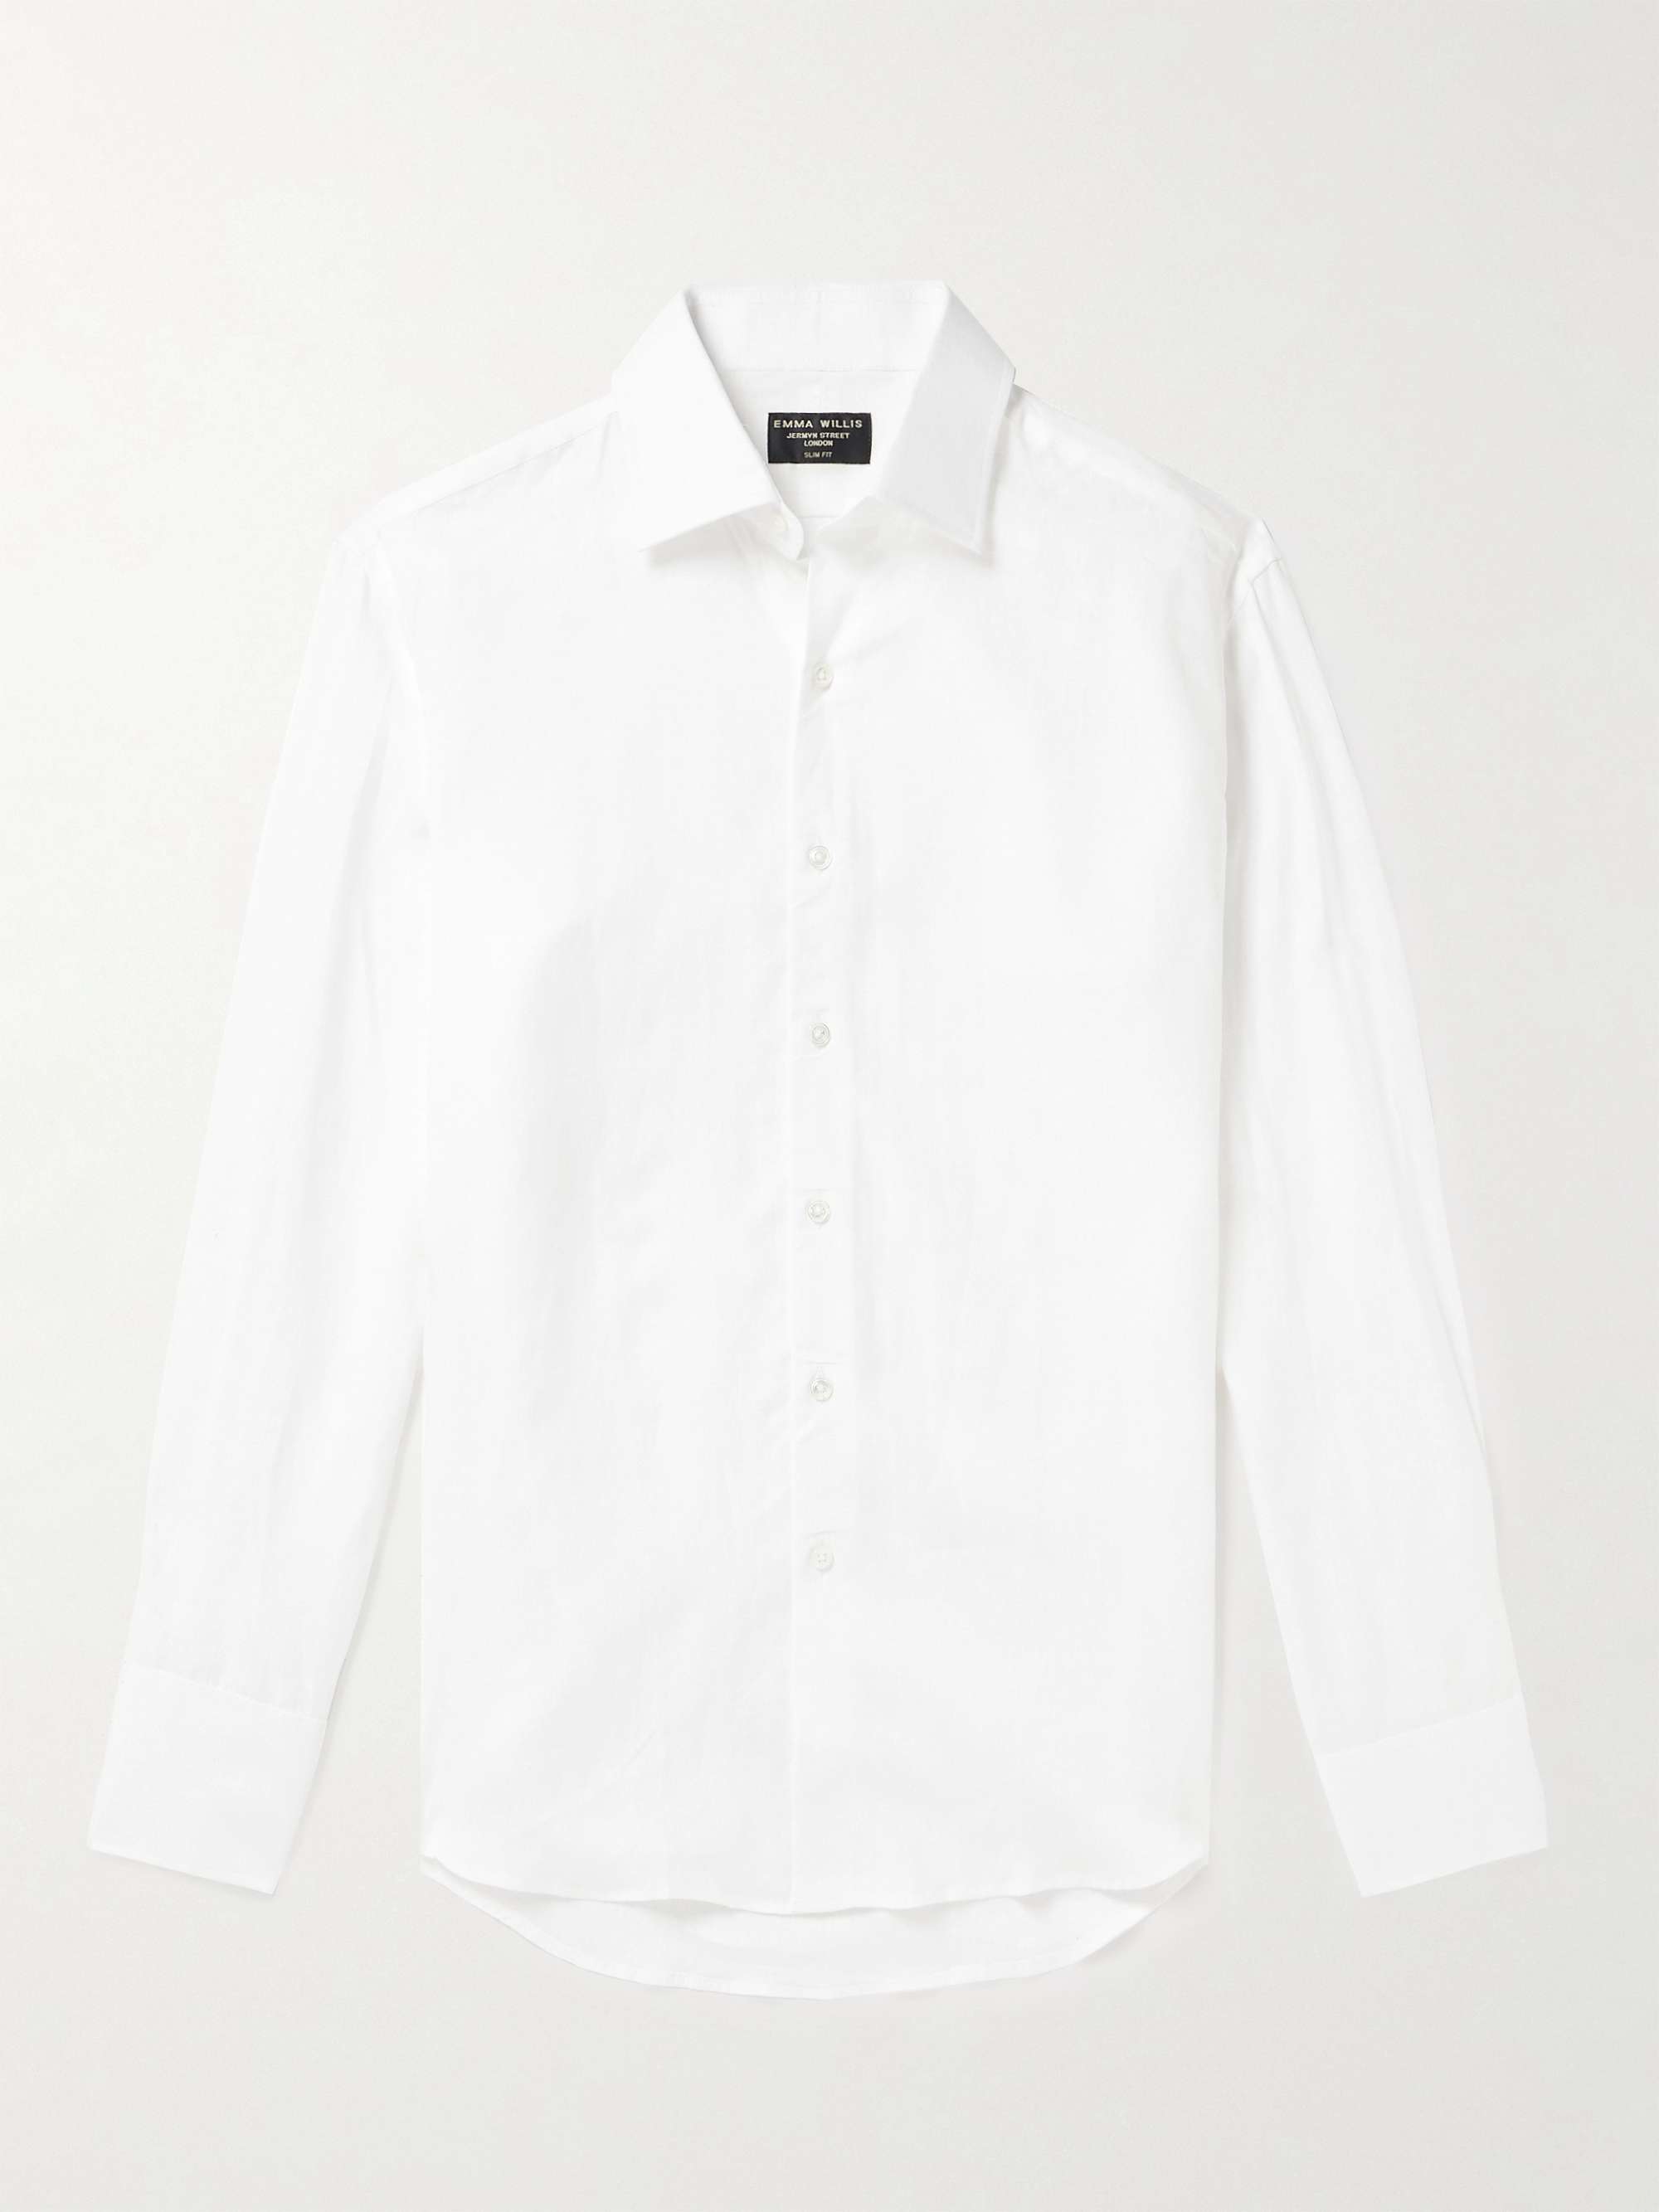 EMMA WILLIS Linen Shirt for Men | MR PORTER
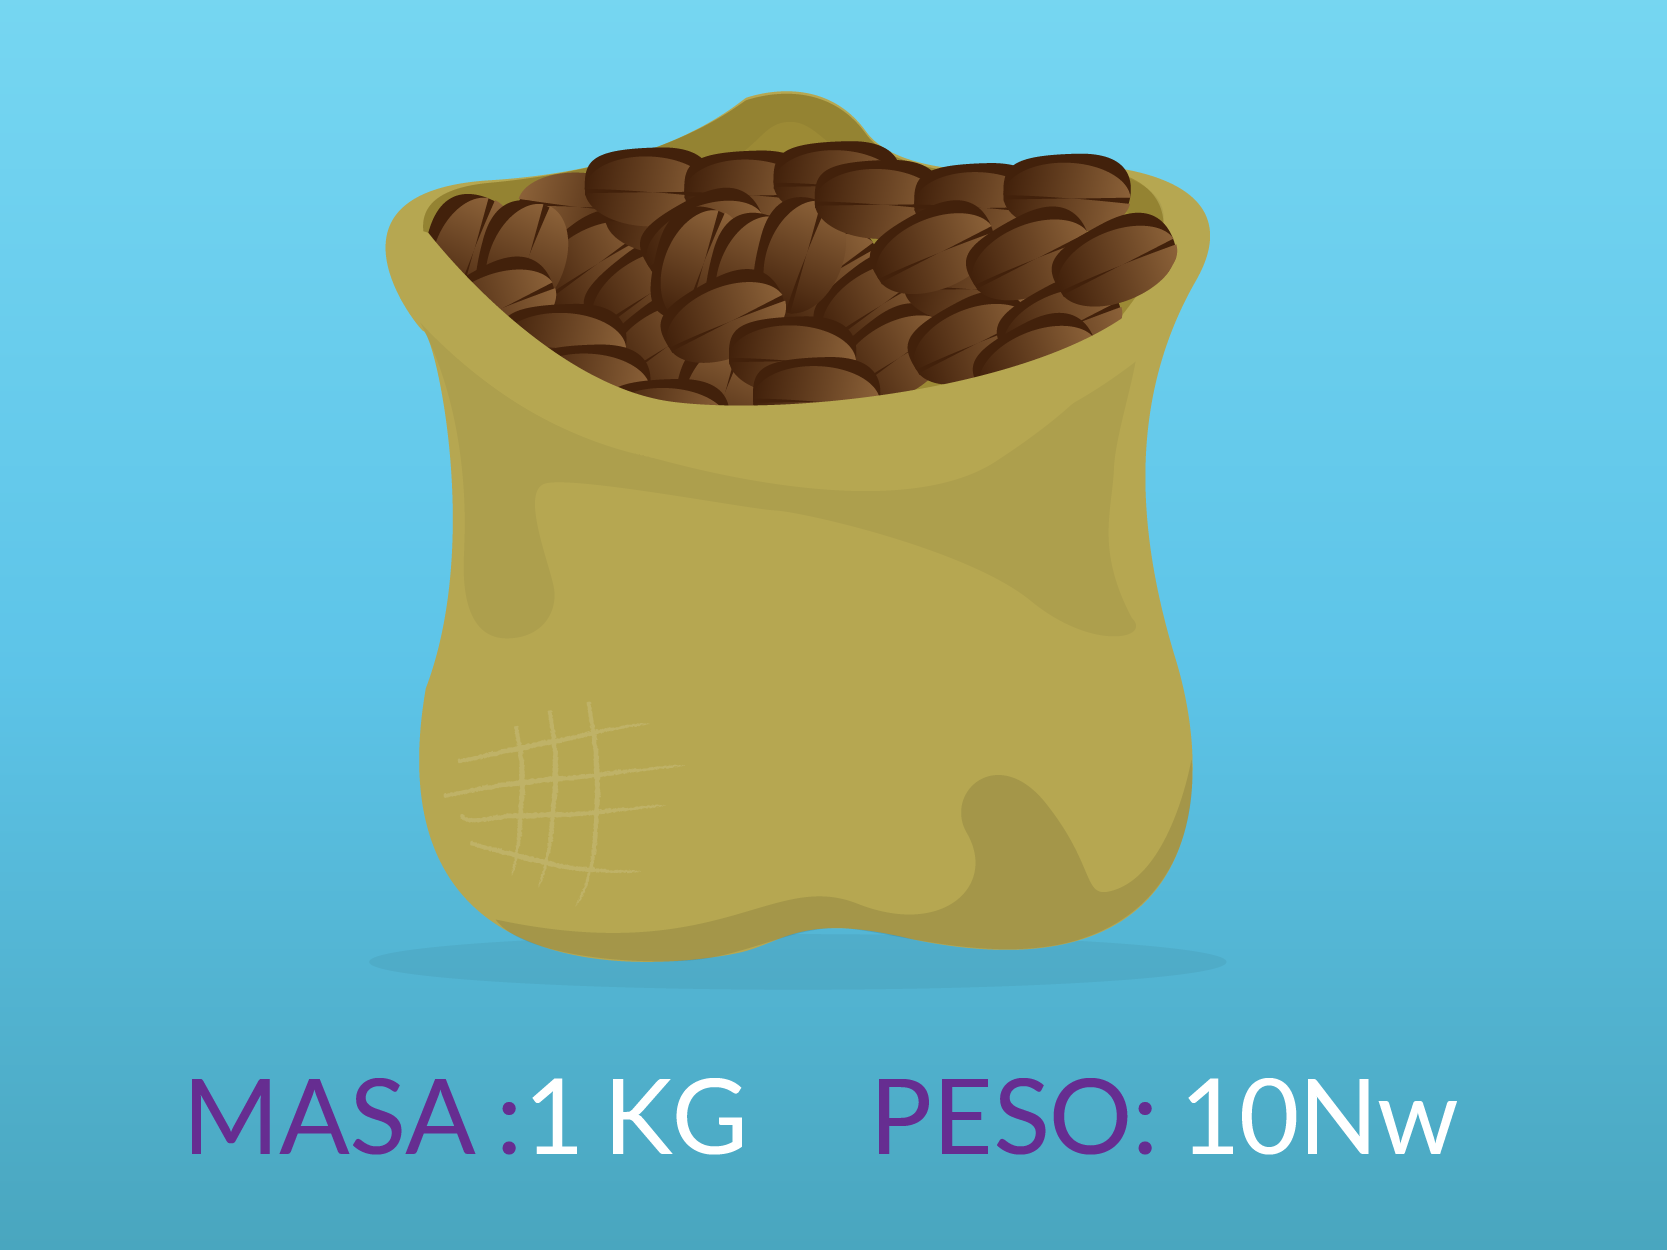 Un saco con una masa de 1 kilo tiene un peso de 10 Newtons.
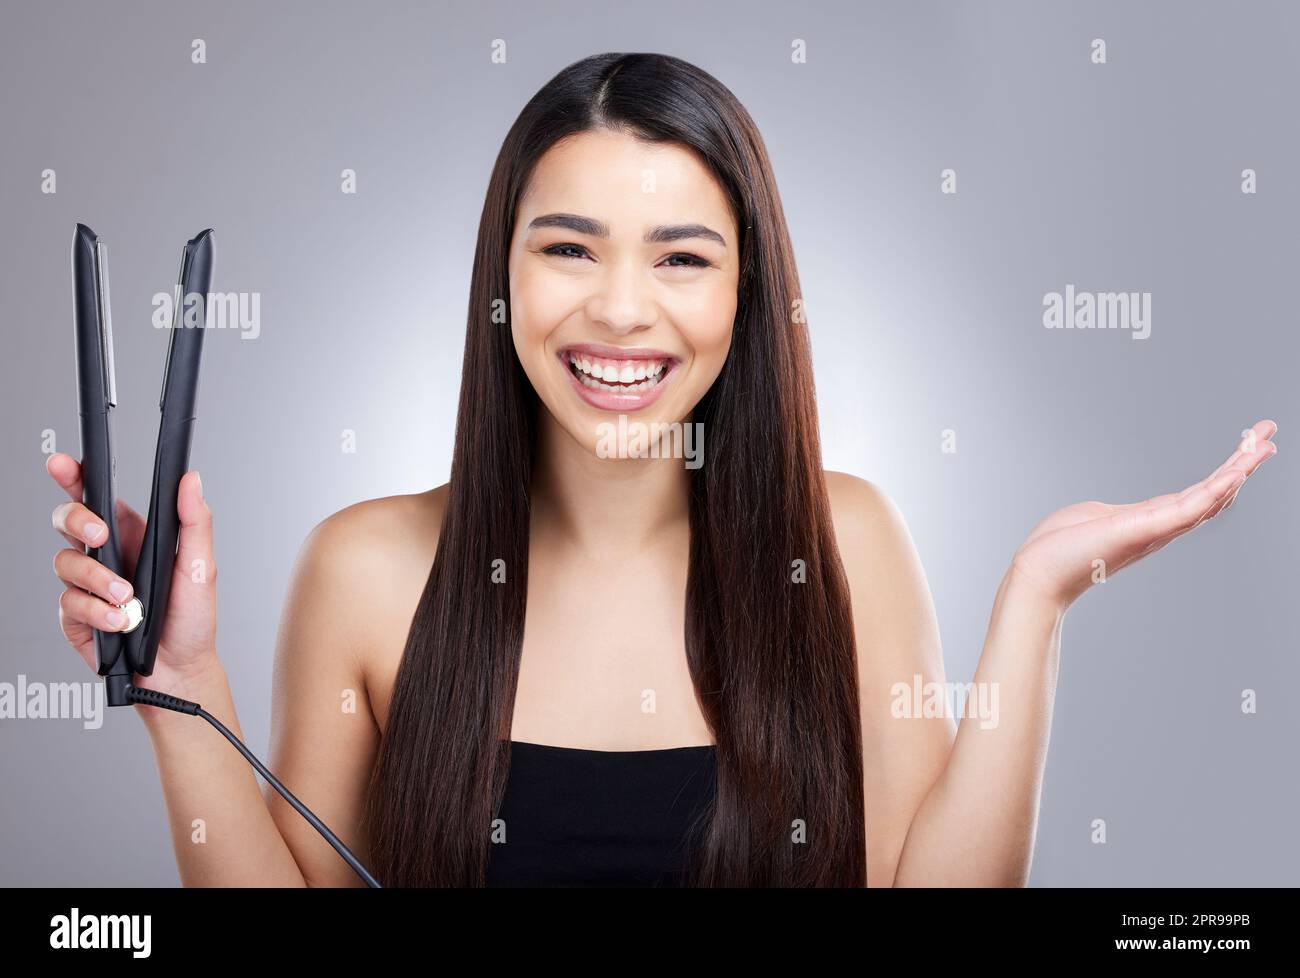 È davvero uno strumento di meraviglia per le donne. Ritratto di studio di una giovane donna attraente utilizzando un ferro piatto per raddrizzare i capelli su uno sfondo grigio. Foto Stock
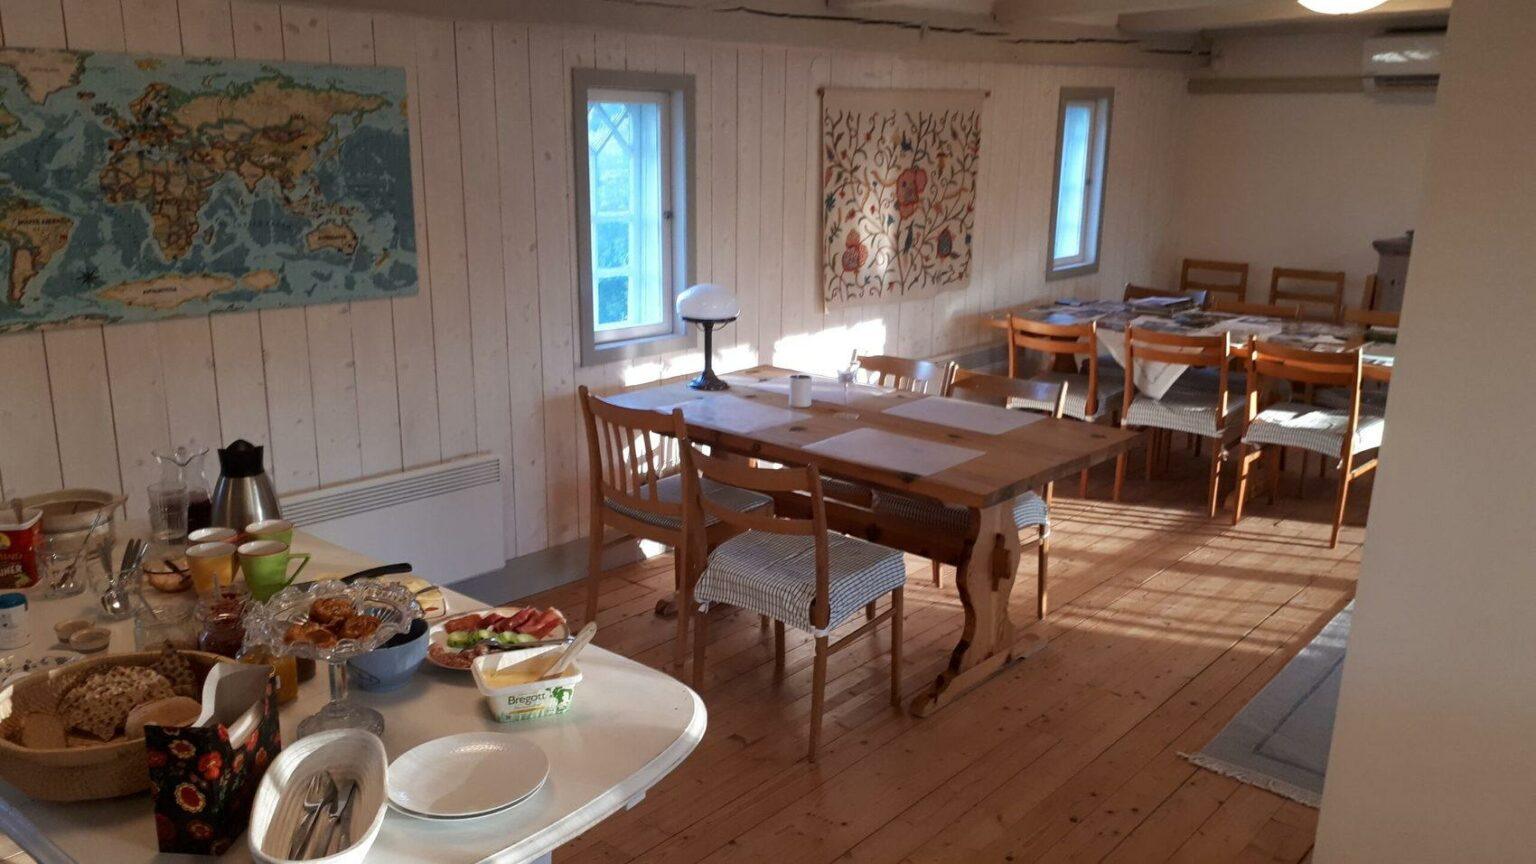 Matsal med bord och stolar. I förgrunden står en frukostbuffé uppdukad.

- - -

Now write out the data word for word, skipping every picture in it.

 EMMA WILLIS Linen Shirt for Men | MR PORTER
 Un saco con una masa de 1 kilo tiene un peso de 10 Newtons.
 È davvero uno strumento di meraviglia per le donne. Ritratto di studio di una giovane donna attraente utilizzando un ferro piatto per raddrizzare i capelli su uno sfondo grigio. Foto Stock
 Matsal med bord och stolar. I förgrunden står en frukostbuffé uppdukad.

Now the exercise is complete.